For a uniterm with no arguments, it is truly ambiguous (in terms of the grammar, but shouldn't matter in a practical sense? (since the parser will just pick one and that will be ok)). If there are arguments, I'm not clear on where the ambiguity comes in
<mkifer> foo(! color-> red !)
<Harold> We implemented this in ANTLR.
<sandro> foo(-> color -> red ->) :-) :-)
ChrisW: Useful for readability to distinguish named arg predicates from frames
<Hassan> foo ( bar baz -> foo boo -> goo )
<sandro> foo ( color -> red name -> rover ) ?
<Harold> PS is Human-Oriented Syntax.
<Harold> So it's ok if parsers have some harder time.
<Harold> After all, parsing is done only once, before the machine has to start its real (deductive) work..
<Harold> It's not on the XML level.
Hassan: Cannot tell the difference between special case and general case
Hassan: The ambiguity is that you have a grammar that gives general rules and then within that grammar there is another grammar that gives more specific rules
MichaelK: Where is the difficulty? is it the ^^?
Hassan: We are talking about the
rif:iri suffix
... already past the "..."^^curie
... I am talking about specifically rif:iri that complicates
things at the lexical level
Sandro: I think a RIF parser should never be looking inside an IRI?

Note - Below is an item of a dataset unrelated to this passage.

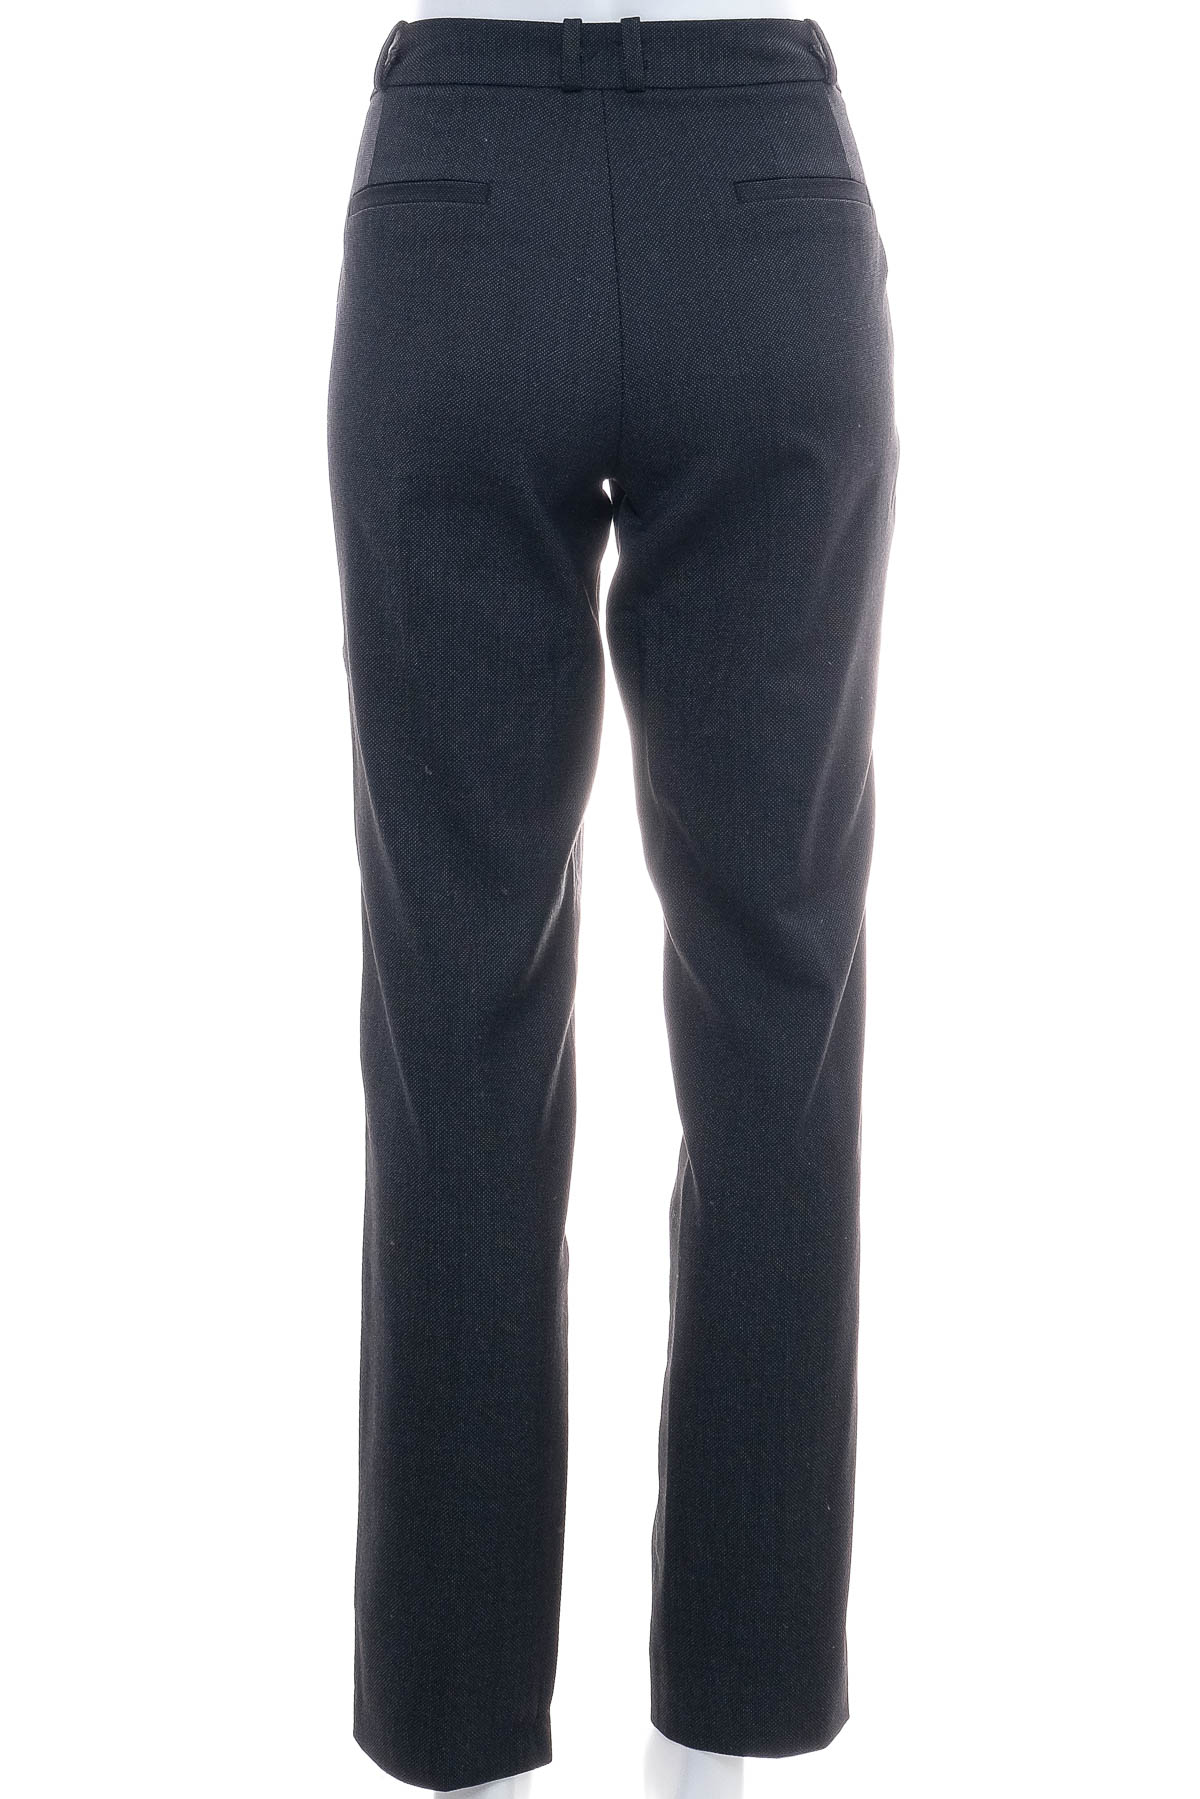 Pantaloni de damă - ESPRIT - 1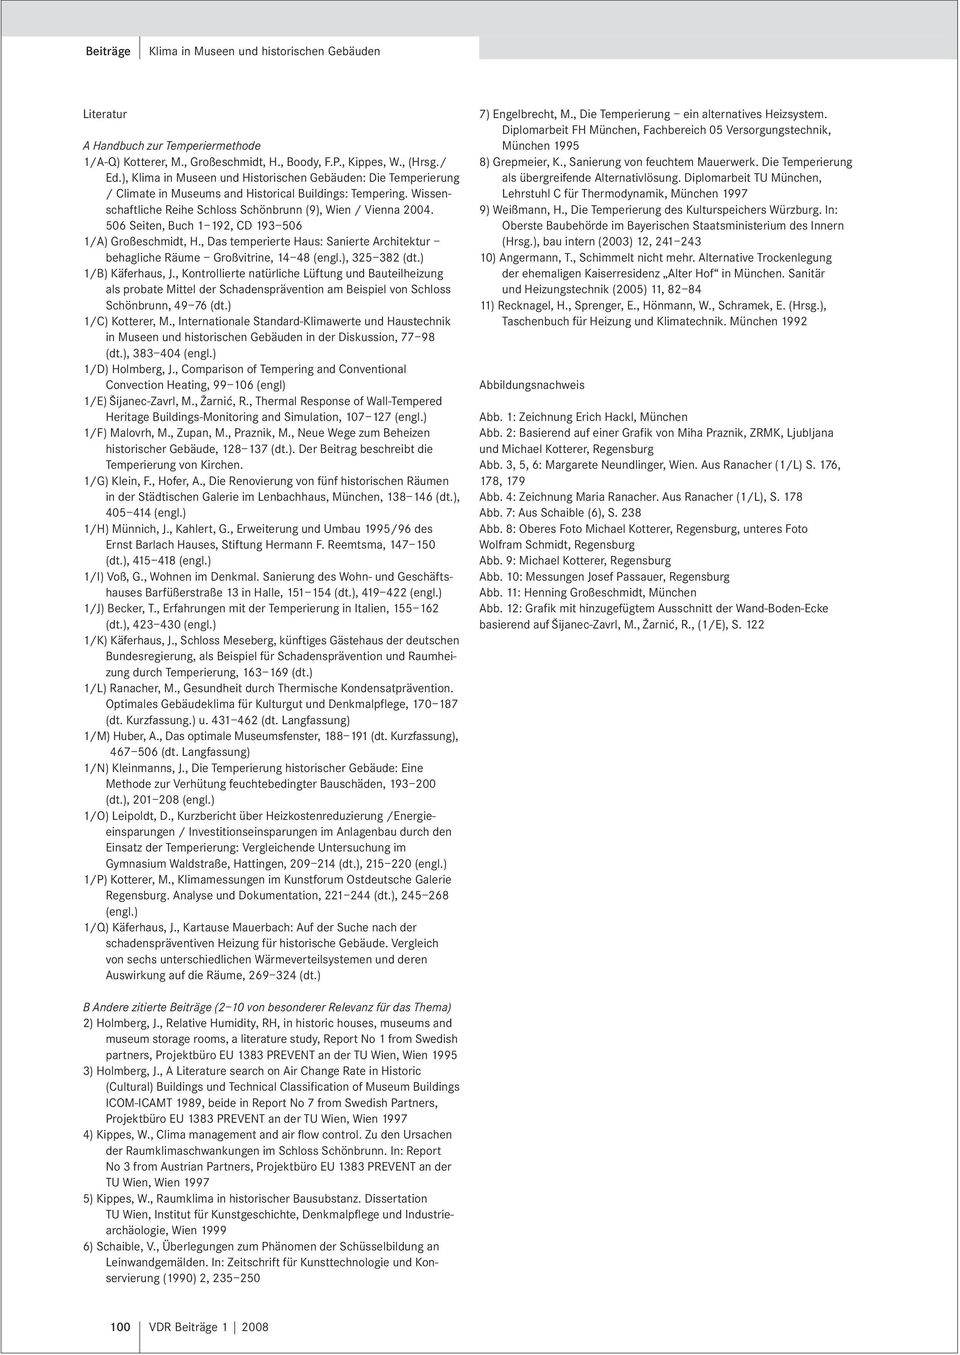 506 Seiten, Buch 1 192, CD 193 506 1/A) Großeschmidt, H., Das temperierte Haus: Sanierte Architektur behagliche Räume Großvitrine, 14 48 (engl.), 325 382 (dt.) 1/B) Käferhaus, J.

ChrisW: An IRI or a string?
Sandro: Either
Hassan: At the lexical level we
require that it be "rif:iri", and when it is an IRI const complicates
lexical parsing
... it would be cleaner to accept any curie there and check that
it's rif:iri later
I will send an email example to make the problem more clear
ChrisW: Another meeting same time
next week?
... works for everyone
MichaelK: We need to discuss the escape symbols...e.g. for double quotes within double quoted strings
Hassan: And we should discuss the APS